TTG is available as a package on OpenUPM. To import TTG into your project via the command line, run the following command:

openupm add com.sneakysquirrellabs.terracedterraingenerator

Once the importing process is complete, TTG is ready to be used in the project.

After importing

After importing TTG, check the Usage section on how to use it and the Samples section on how to import and use the package samples.

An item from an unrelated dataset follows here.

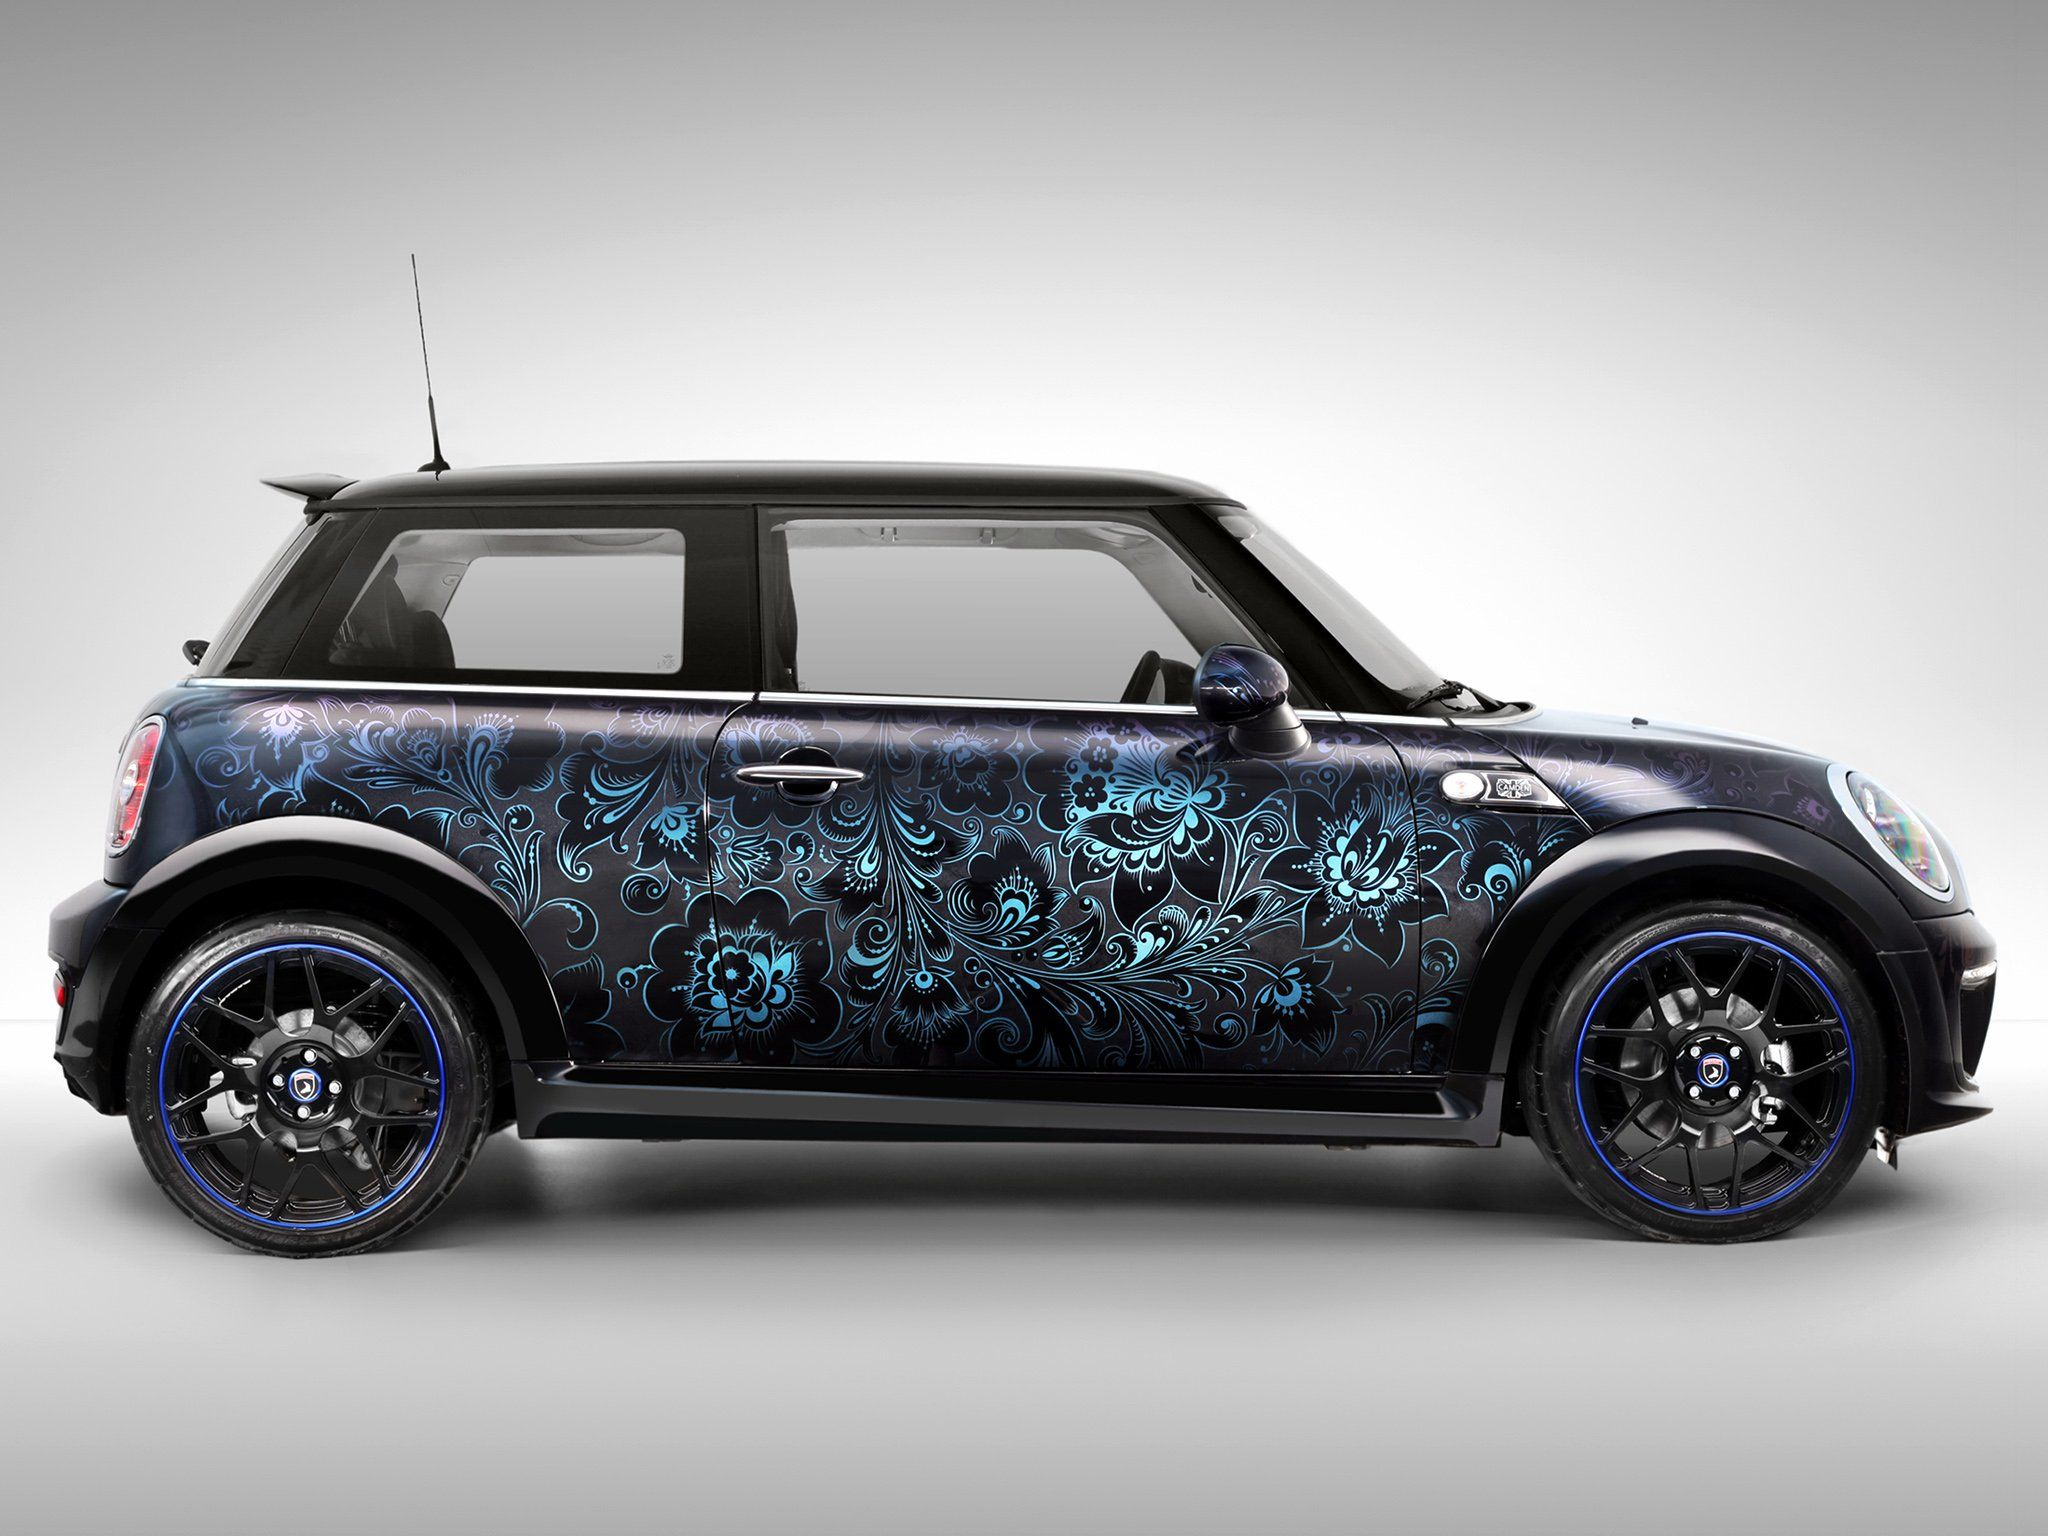 Photo of TopCar Mini Cooper-Sのいじめモスクワの車に改造された壁紙|2048×1536|723181|…

There are two different ways to use TTG: via the TerrainGeneratorController component and via the API. Both methods share the same parameter list, explained below:

  • Side count: number of sides of the terrain’s basic shape (3 to 10).
  • Radius: the greatest distance between the center of the mesh and all of its vertices (ignoring their position’s Y coordinate). This number must be greater than zero.
  • Fragmentation depth: how many times the basic shape will be fragmented to form the terrain. The larger the value, the greater the level of detail will be (more triangles and vertices) and the longer the generation process takes.
  • Maximum height: the maximum distance between the lowest and highest vertices of the terrain. This number must be greater than zero.
  • Relative terrace heights: an array of terrace heights, relative to the terrain’s maximum height. Values must be in the [0, 1] range, in ascending order. Each terrace’s final height will be calculated by multiplying the relative height by the terrain’s height. The length of this array dictates how many terraces will be generated.
  • Sculpt settings: a group of settings used to sculpt the terrain—the process of creating hills and valleys using Perlin noise. These settings include:
    • Base feature frequency: the number of terrain features (hills and valleys) in a given area on the first iteration (a.k.a. octave) of the sculpting process. This value must be greater than zero.
    • Octave count: how many iterations of the sculpting process will be performed. Each iteration will be performed with a lower intensity and higher frequency as the previous one. This value must be greater than zero. When this value is 1, persistence and lacunarity are ignored.
    • Persistence: how much of an octave’s amplitude (a.k.a. “strength”) will be carried to the next octave. The lower the value, the quicker octave details disappear with each iteration. This value must be in the (0, 1) range.
    • Lacunarity: how much the frequency increases (multiplication factor) between octaves. In other words, how much more detail each octave will contain, when compared to the previous one. This value must be greater than one.
    • Height distribution: the height distribution over the terrain. In short, how low valleys and how high hills should be, and everything in between. It’s represented as a curve that must start in (0,0) and end in (1,1). If this value is null, a canonical value (a linear curve that won’t affect the distribution) will be used.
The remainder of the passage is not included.